# Your instructions
The response should contain all of the data below, reproduced exactly, and no pictures.

# Collected material

+ + + + +

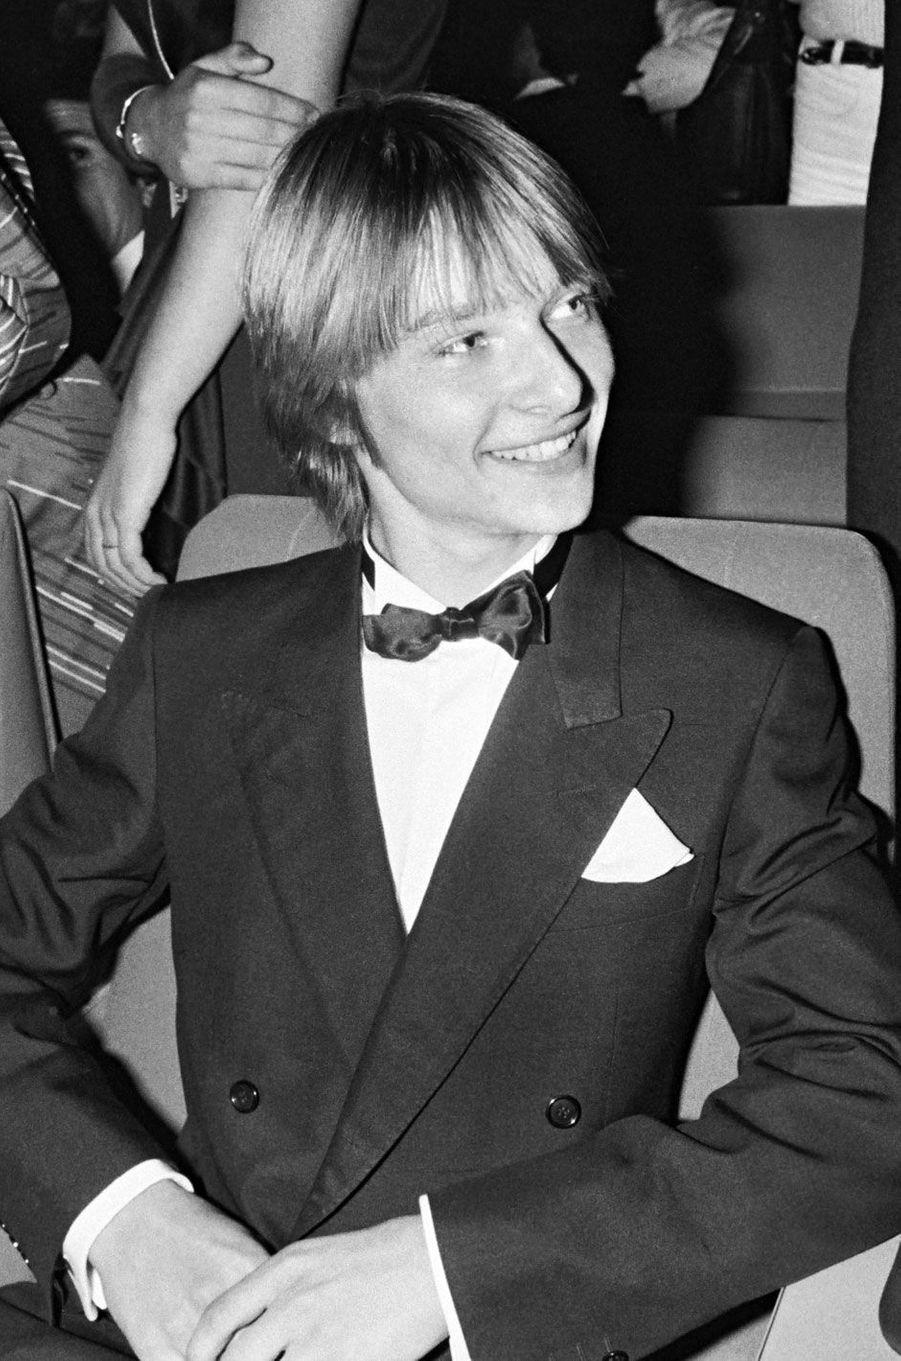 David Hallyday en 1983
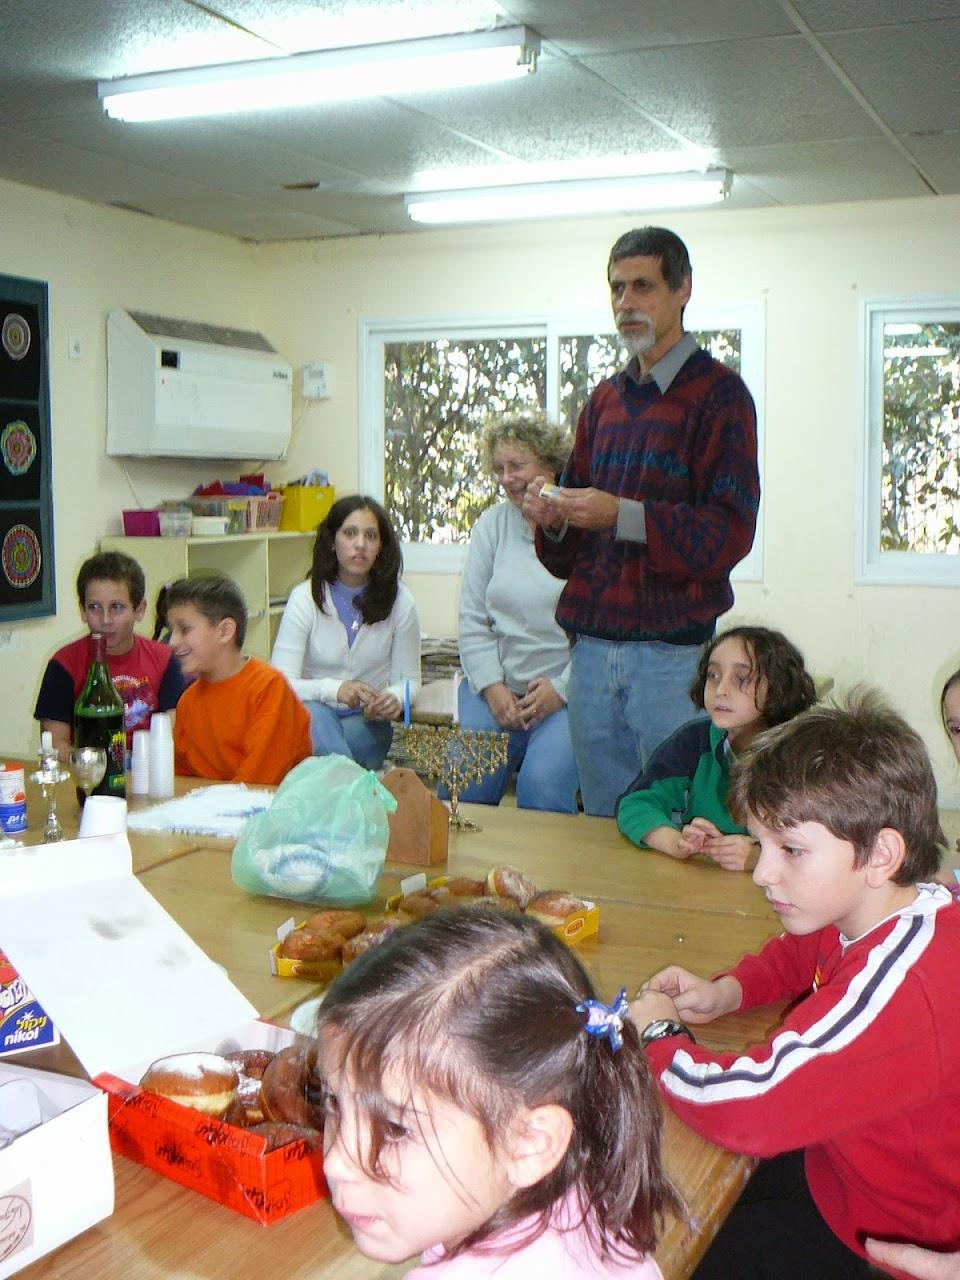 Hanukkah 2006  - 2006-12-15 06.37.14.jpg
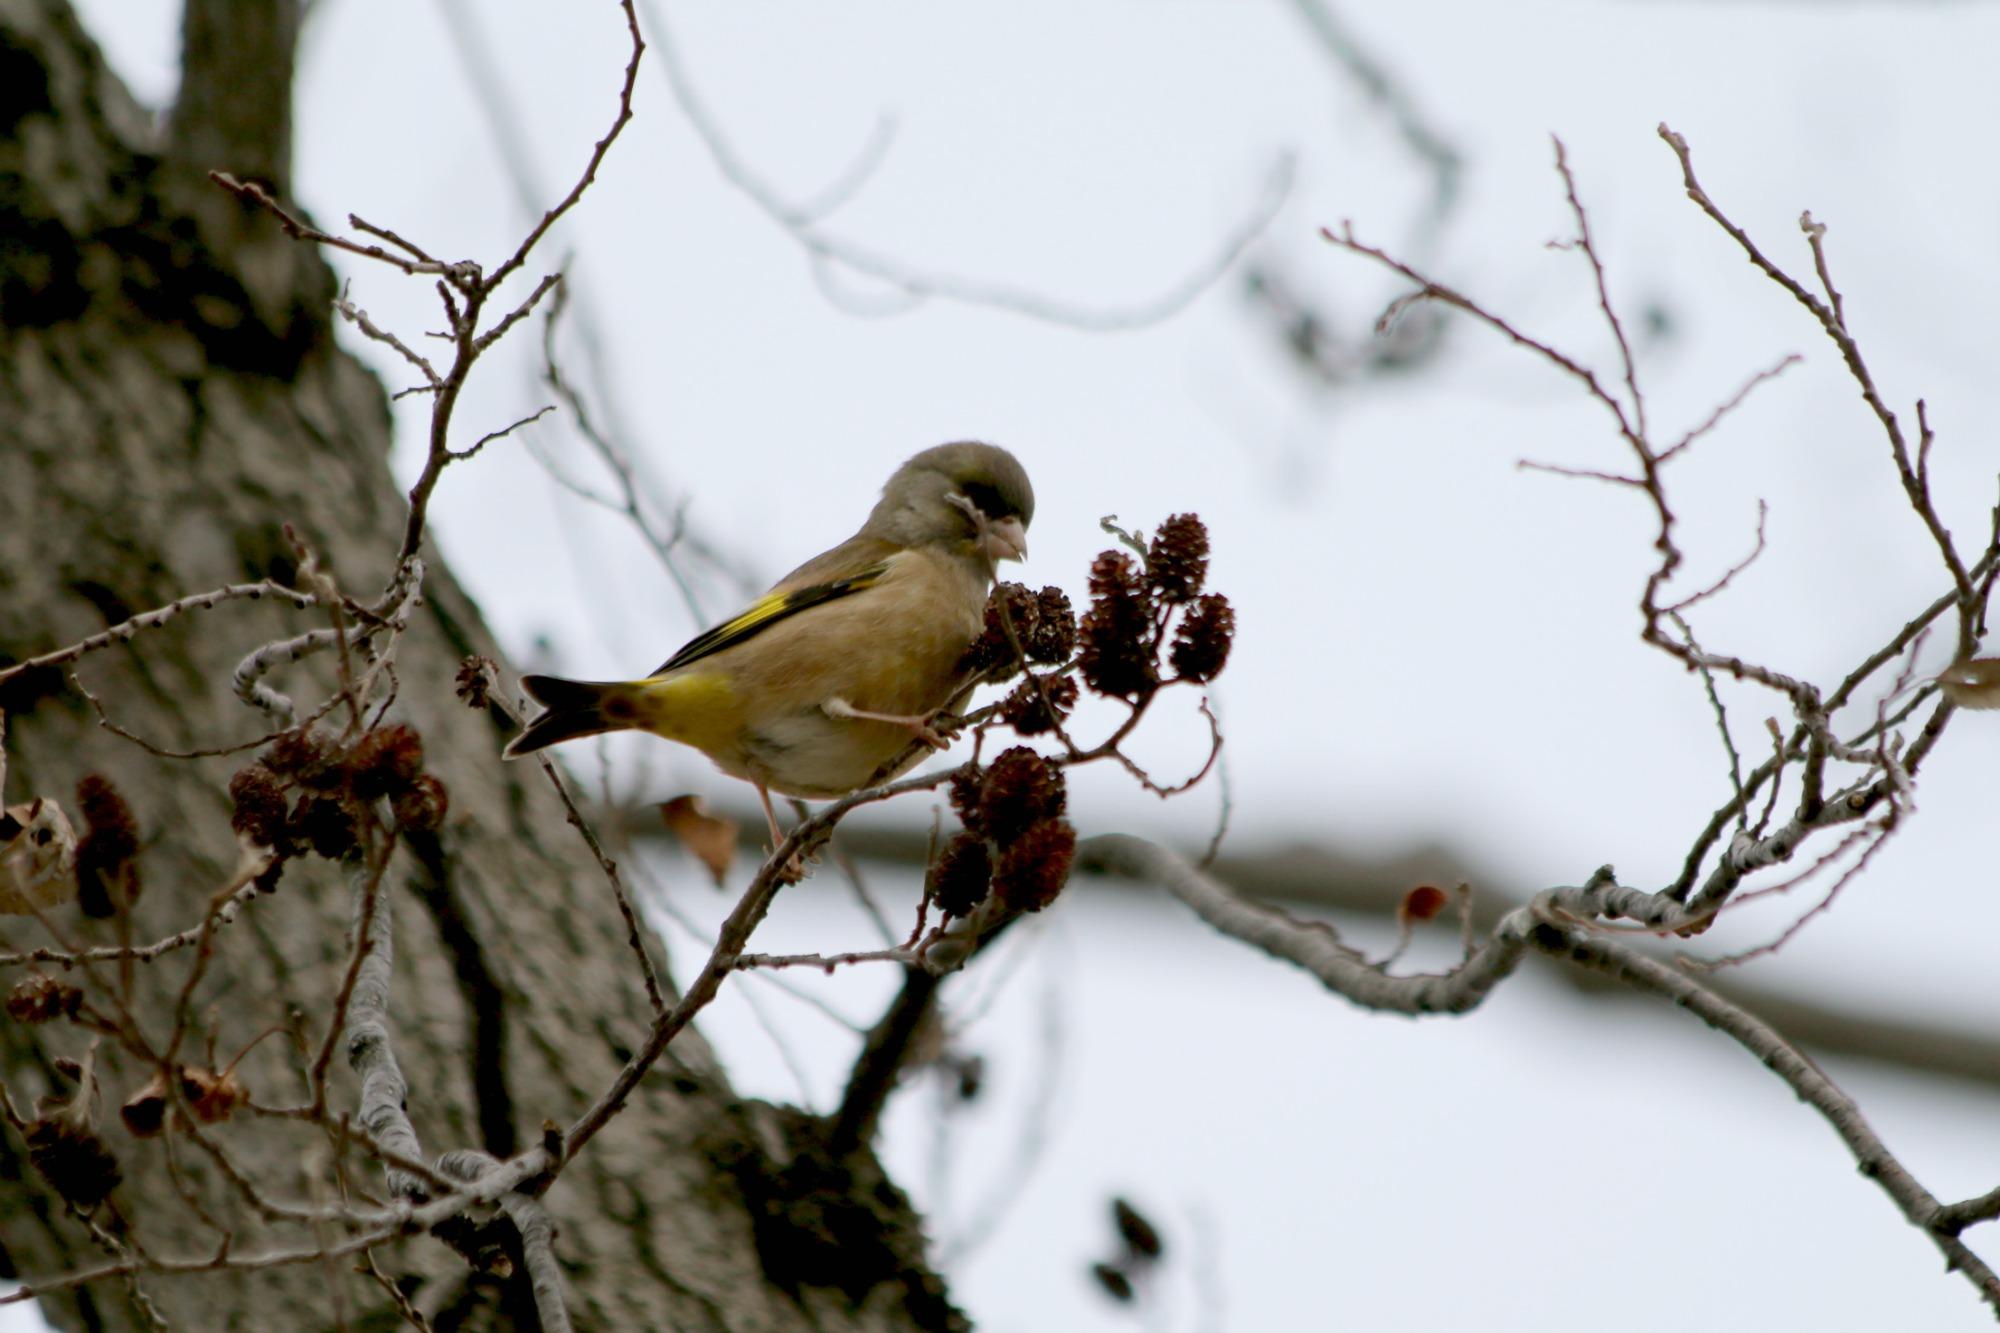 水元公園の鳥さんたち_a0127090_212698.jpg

+ + + + +

# Expected output
 David Hallyday en 1983
 Hanukkah 2006  - 2006-12-15 06.37.14.jpg
 水元公園の鳥さんたち_a0127090_212698.jpg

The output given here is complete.